ABSTRACT

In 1881, working to measure the speed of light, physicist AA Michelson constructed an interferometer that divided a light source into a reference beam and a sample beam, and then recombined them to measure the interference between the two beams1. In 1991, Huang et al. published a manuscript describing optical coherence tomography (OCT), a novel digital imaging technique, that utilizes a Michelson interferometer to measure the depth of reflections from a tissue sample by the interference patterns with a reference beam2. Analysis of the interference pattern yields a cross-sectional image that is the optical analog of pulse-echo ultrasonography. Food and Drug Administration (FDA)-approved for scanning surface and subsurface retinal structures (microvasculature and nerves), OCT is available in flexible guidewire probes (similar to current microguide-wires used for intracranial endovascular neurosurgical procedures) which are being evaluated for use in the coronary circulation3-9. OCT produces images with a resolution of 1-20 µm.
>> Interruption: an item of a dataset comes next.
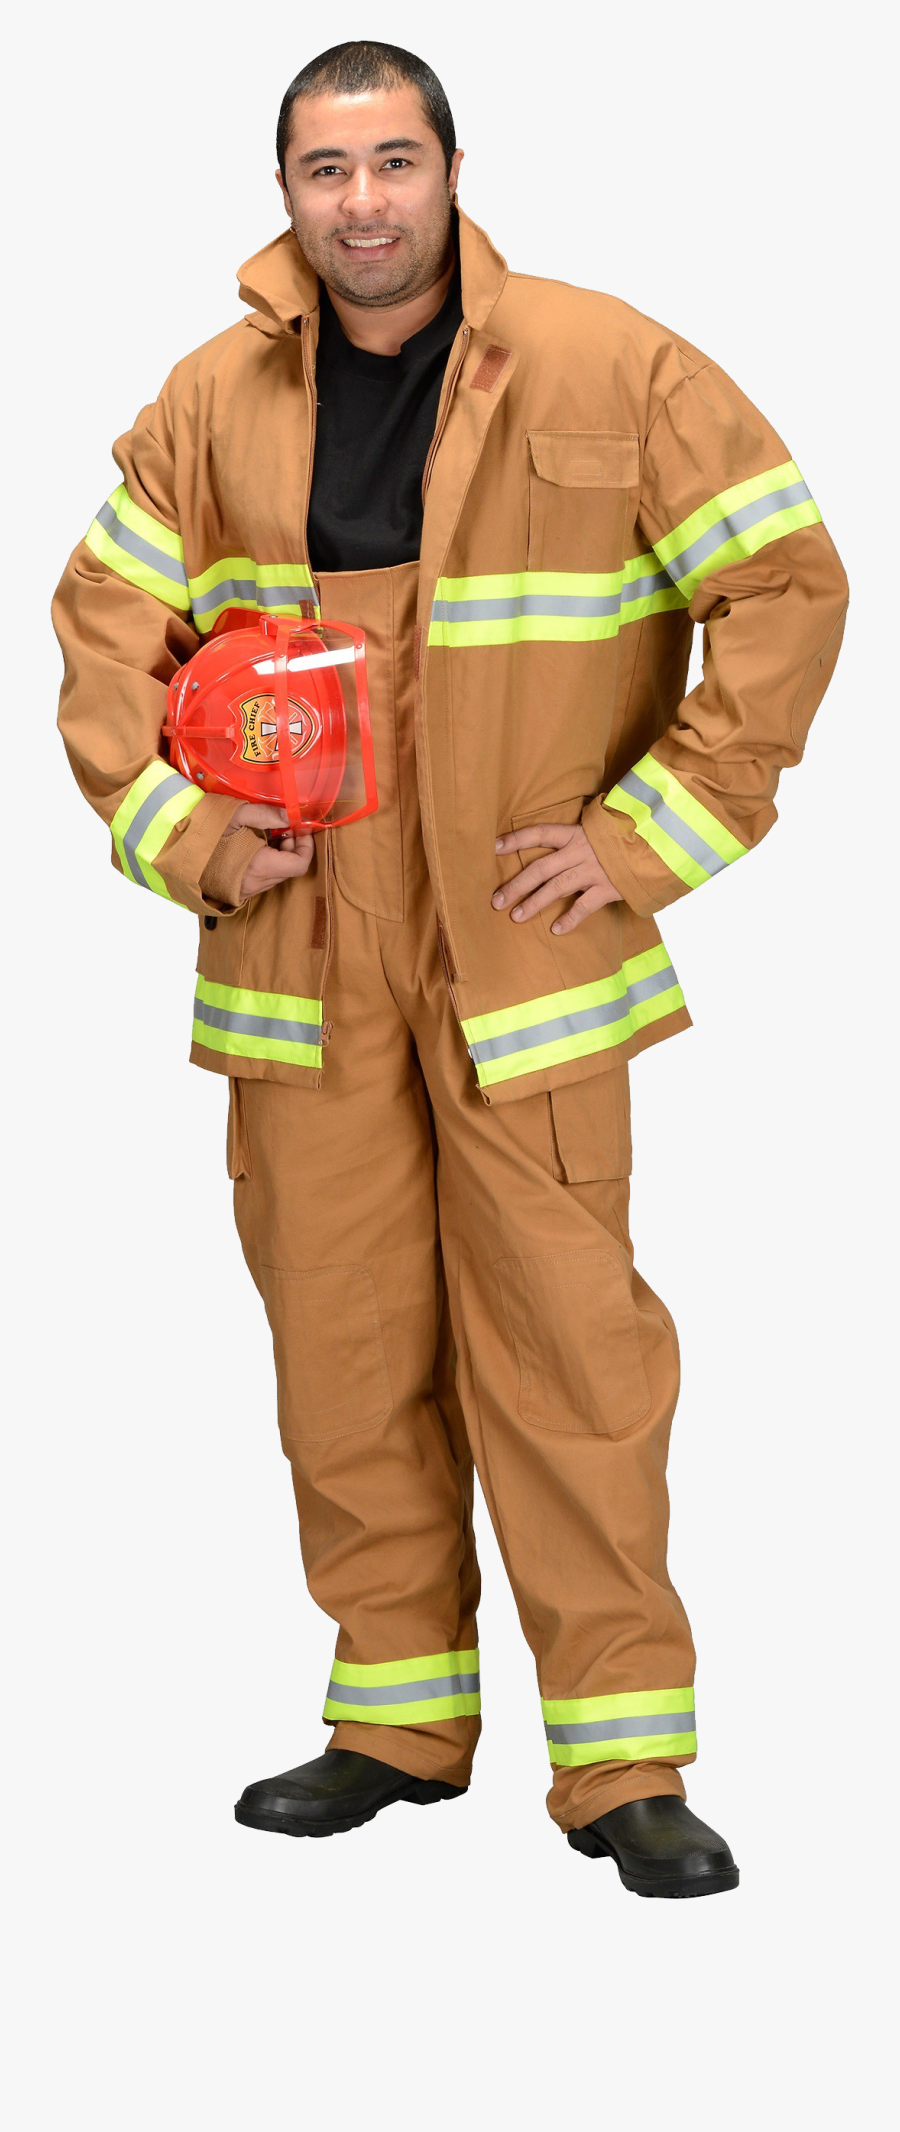 Fireman Png Clipart Background - Firefighter Suit, Transparent Clipart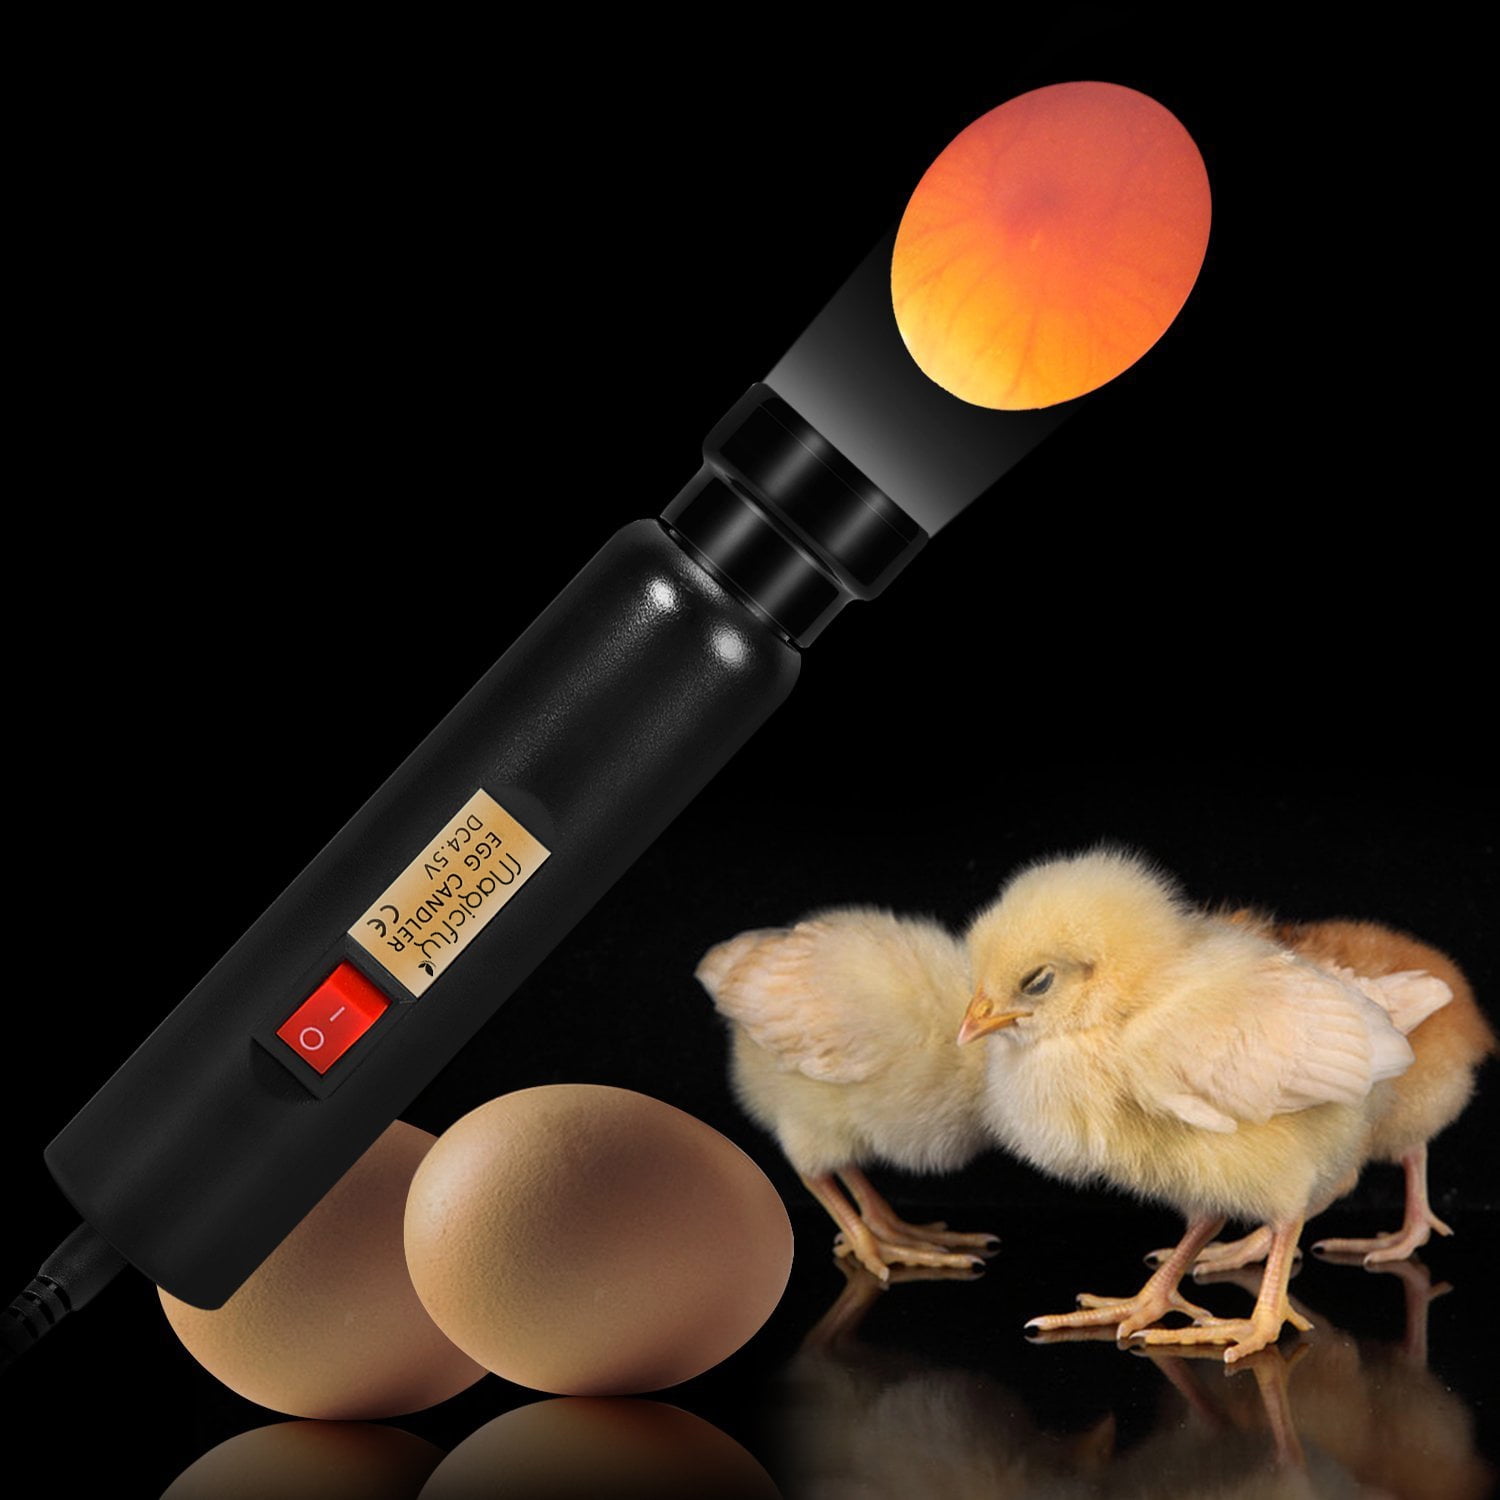 LED Light Egg Candler Tester, Egg Candling Lamp for Monitoring and Hatching Eggs

This compares favorably to intravascular ultrasound, which has a resolution of approximately 100 µm and confocal microscopy, which has a resolution of approximately 1 µm. OCT images have near-biopsy resolution and may be used as a nondestructive alternative to biopsy or as a screening step to reduce biopsy-sampling error. Cerebral applications are being described by several authors in the cerebrovascular as well as neuro-oncological arenas. For example, Satomura et al. have recently used in vivo OCT to image small animal microvessels10, and Boppart et al. have reported OCT to discriminate between normal cerebral cortex and melanoma metastasis11.